I felt a great sense of history and occasion when I attended the opening of the YOG. More than 200 nations were represented. That's more than the United Nations. Only the Olympic Movement could generate such worldwide interest for a new event. It sent a powerful message to young people everywhere – that sport matters.

This was not just a life-changing experience for the thousands of young people taking part, but also a major new global sporting event, a milestone for the Olympic Movement, and indeed, I believe, for the wider international sporting and youth movements.
For here is a sporting event with a real difference – and one that will make a real difference. It's one where winning is not everything, and success judged not by national or individual medal tallies.
Rather, success is judged by personal bests – PBs – on and off the sporting field. It's judged in participation in education and cultural programmes running alongside the competition.
Could it possibly be a success?
On the eve of the YOG Opening Ceremony, IOC President Jacques Rogge said: 'I feel like a father waiting in the delivery room for the birth to happen... I'm optimistic. But I still want to see the baby being born.'
And what an important birth it was! YOG is in many ways a prototype, a new approach to sport for young people – an event fashioned around the image and interests of young people in the 21st century. It's an event that will help carry the timeless traditions of the Olympic Movement in new and contemporary formats and settings relevant to young people.
There were only two and half years (not the normal seven or more of an Olympic Games) from conception to the birth of these Youth Games, followed by 12 days of tension, excitement, scrutiny, and competition before the new baby could be declared 'safe, well, and thriving'.
That can surely be done now.
Some may have initially doubted the successful staging of YOG and the Herculean task of delivering a new global sporting event in a world still recovering from a massive recession. Others suggested the international sports calendar would have trouble sustaining another event.
But this was an event that centred on young people, and young people have a proven habit of turning convention and negative thinking on its head... and so it was with YOG...
Innovation in sport
YOG proved to be an incubator for innovation in sport: 3-on-3 half-court basketball was the hot new sport to emerge and could make a debut at future Olympic Games. It would follow in the footsteps of BMX, Mountain Bike and Snow Board and Ski-Cross as senior Olympic Games sports that have captured the imagination and interest of young athletes and people.
The power to inspire
YOG also proved it had inherited one of the defining characteristics of the Olympic movement and the senior Olympic Games: the power to inspire. Those who witnessed American and Cuban athletes teaming together for the first time in decades in YOG’s innovative combined nation events will attest to that fact.

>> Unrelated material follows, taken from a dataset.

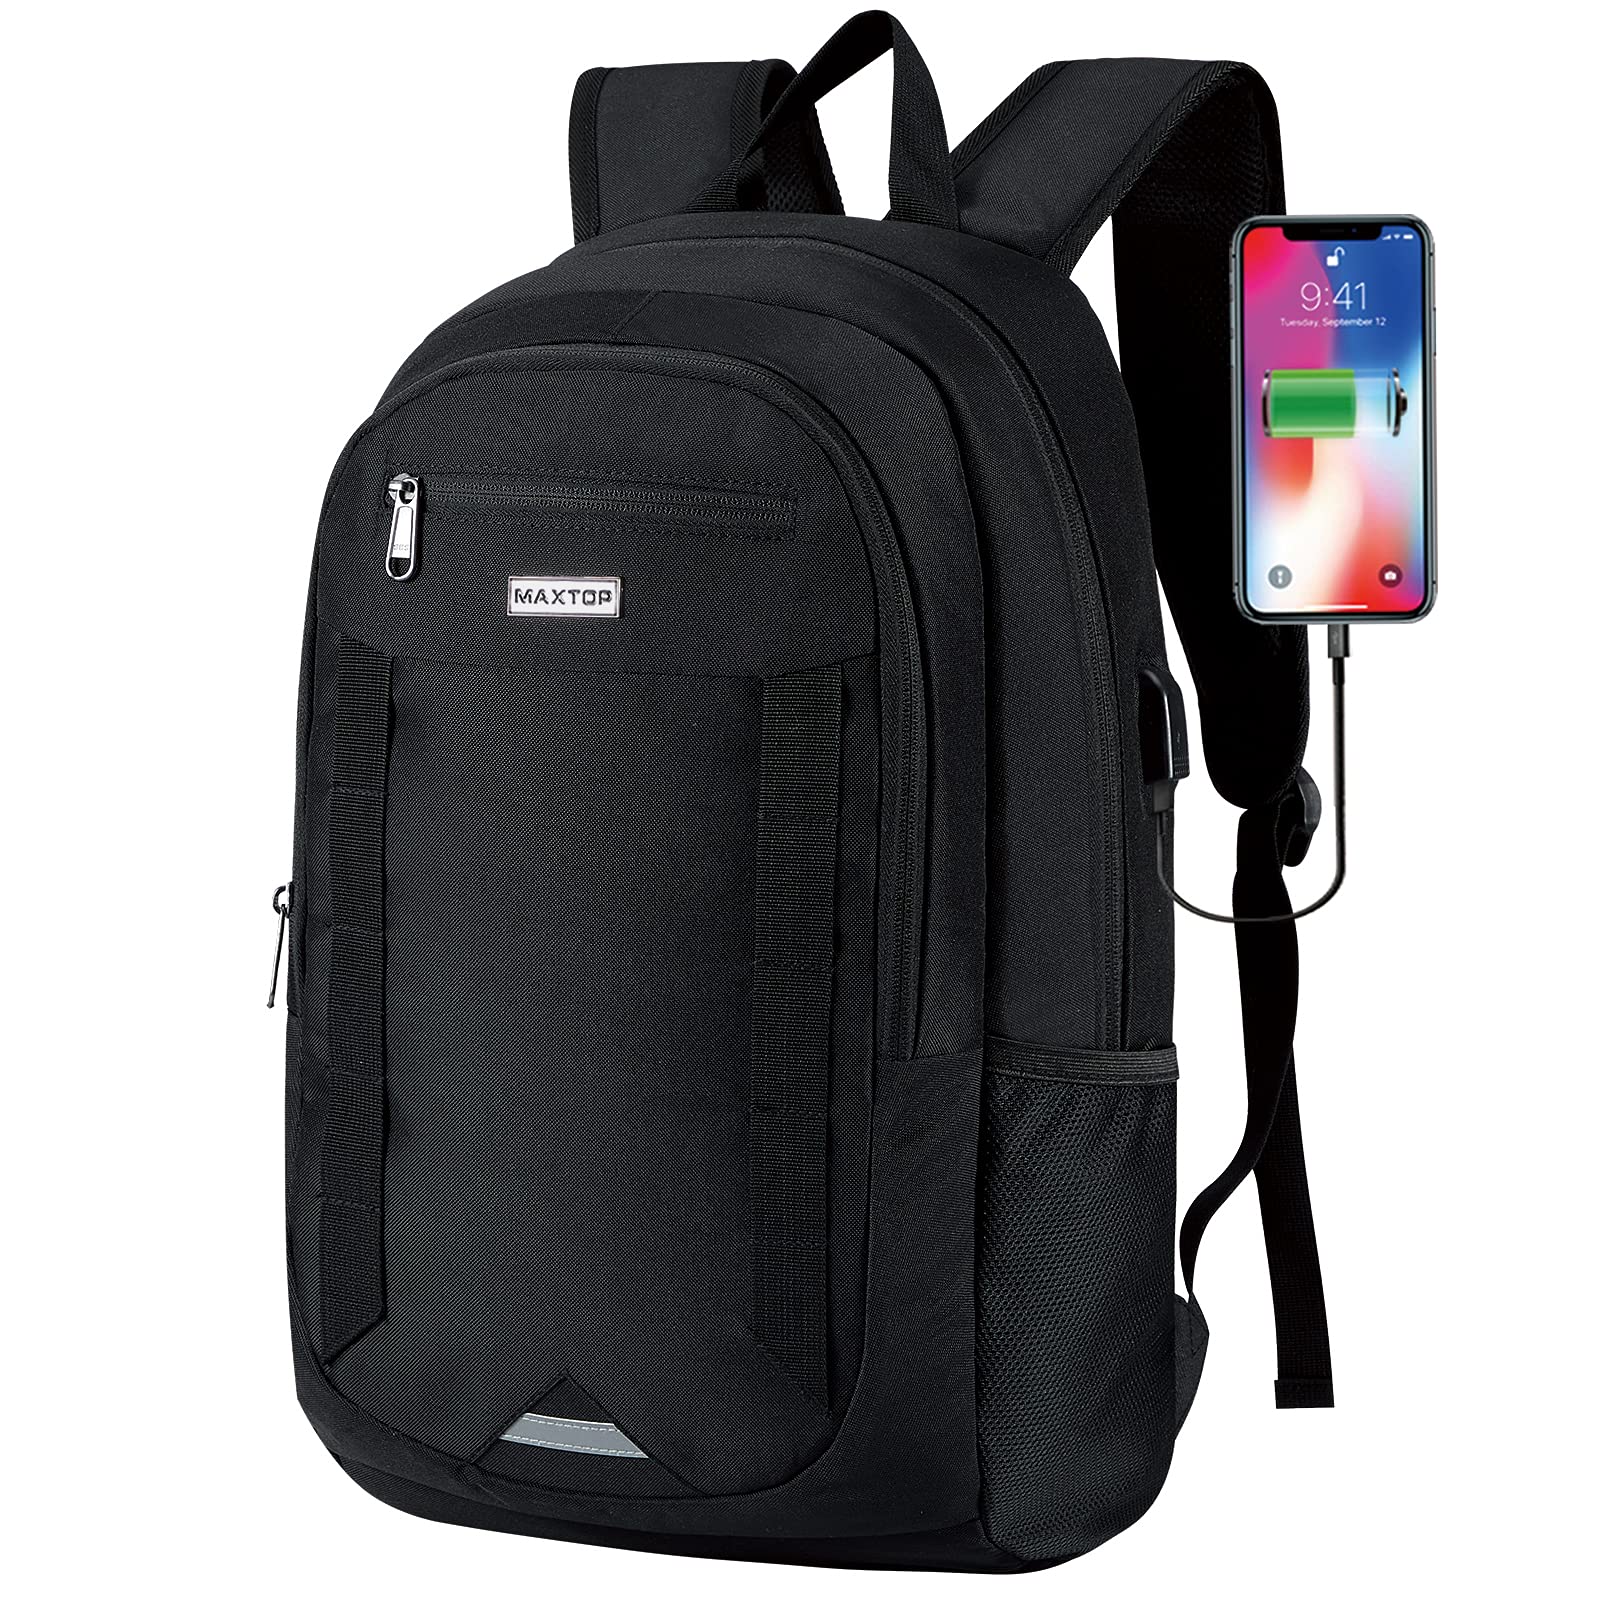 MAXTOP Laptop Backpack with P Charging Computer USB Business Backpacks

Haiti saw YOG as important enough to send a team to participate in Singapore, despite the devastation and heartbreak suffered by the nation through the horrendous earthquake, and won silver medal in the boys’ football despite such overwhelming odds.
There were many other examples of nations and individuals doing and sharing inspiring acts and moments.
A truly successful Games
These Games have been a success at so many levels – from the smooth, professional and efficient operation of the city and its transport systems; to the quality of competition on display in the venues, which attracted spectators, media coverage and journalists from around the world. (These included the IOC’s Young Reporters, who grilled me during an interview session; I am delighted that two of these young reporters and photographers will be joining the Press Operations team in London for the 2012 Games.)
Compelling performances

And of course YOG produced some compelling sporting performances – from the brilliant young Chinese gymnast Tan Sixin who won four medals, to the young Jamaican sprinter Odane Skeene whose performances inevitably generated comparisons with his famous fellow countryman the unique Usain Bolt. Odane won gold in the 100 metres sprint and in the new ‘medley relay’ event, which combines runners over 100, 200, 300 and 400 metres, and was another popular new format at the Games.
Closer to home, strong performances from Charlie Grice in the 1500 metres and other Team GB athletes confirmed the world-class talent coming through the ranks, and how the London 2012 Olympic and Paralaympic Games has inspired a new generation of young athletes and re-energised sport in the UK.
You may well see some of the stars of the first YOG at London 2012. London will stage spectacular Games for young people - 21,000 schools and colleges in the UK are already involved in projects about the London 2012 Games and the Olympic and Paralympic Values, through our Get Set education programme.
Sport unites and inspires
I believe YOG will serve as a powerful reminder to the world of the importance of sport in bringing people together, helping to educate, inform and inspire change and cultural understanding; and the importance of the Olympic Movement's unique combination of sport, culture, education and environment, and its values.
YOG should also act as a timely reminder that in the world today millions of children do not have the opportunity to gain the health, education and social benefits of sport and physical activity - a goal to which we are committed at London 2012 through our International Inspiration programme.
I want to close by giving due credit and praise to the IOC, and in particular its President Jacques Rogge, and to Olympic Games Executive Director Gilbert Felli for their determination, against many odds, in pursuing the vision of a Youth Olympic Games, and bringing it to such a stunning fruition in Singapore. Jacques Rogge has shown in his Presidency his deep commitment to the youth of the world, and the first ever YOG will forever be testament to and proof of that commitment.